What does that mean though? That sounds like HT/SMT just with better efficiency than intel has now.
 
What does that mean though? That sounds like HT/SMT just with better efficiency than intel has now.

HT and SMT are kinda different in a lot of aspects, SMT works better than HT by a wide margin, and OoOE is more similar to SMT than HT so yes, resumed it's like HT/SMT with better efficiency and that's mean better multi thread performance in mainstream chips, 6 cores with the new OoOE at 350ish it's a great value in the mainstream segment in my opinion specially for those like me with 8+ machines pushed 24/7.. increasing performance and obtaining faster results but also lowering the power bill it's great. 2017 will be a interesting year in my opinion as I'm looking for high core count but also a strong IPC performance i'll buy the better option regardless of any brand.. my 2 FX platforms do a good job but are far of being near of what the oldies 3930Ks can do..

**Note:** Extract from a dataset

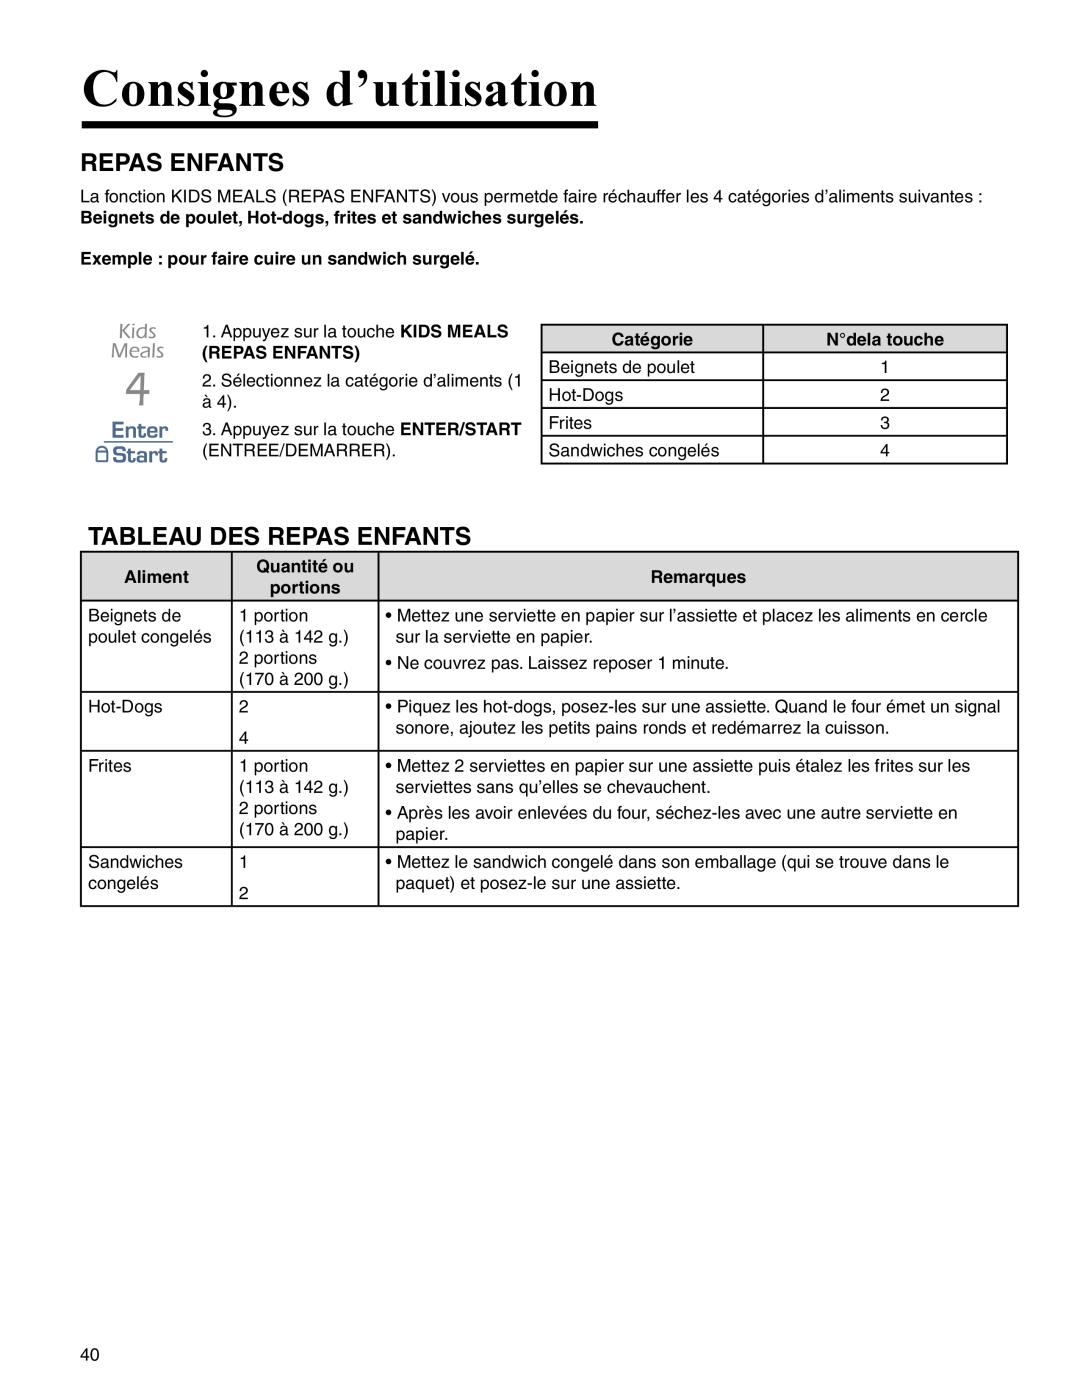 Amana AMC2206BA important safety instructions Tableau Des Repas Enfants, Consignes d’utilisation

Now looking in a gaming perspective it also would be great to have 8 or 12 stronger threads than what we have now in the Intel side I could see as a big benefit as in 2017 most games will be DX12 already.
 
HT and SMT are kinda different in a lot of aspects, SMT works better than HT by a wide margin, and OoOE is more similar to SMT than HT so yes, resumed it's like HT/SMT with better efficiency and that's mean better multi thread performance in mainstream chip..

You're not being clear here.

Hyperthreading is an implementation of Simultaneous multithreading. They are not different, it's simply confusing when you realize that there are so many different implementations of SMT, none of which had been determined to be "best."

HT = SMT. It's thread-level parallelism. In the Intel implementation, it takes ADVANTAGE of superscalar core design by attempting to utilize more execution units. But it won't work if you don't have independent threads to run on the system.

Out of Order Execution also attempts to utilize more functional units with instruction-level parallelism. It reschedules instructions from a SINGLE THREAD. So long as there's no dependency, this can increase usage of execution units.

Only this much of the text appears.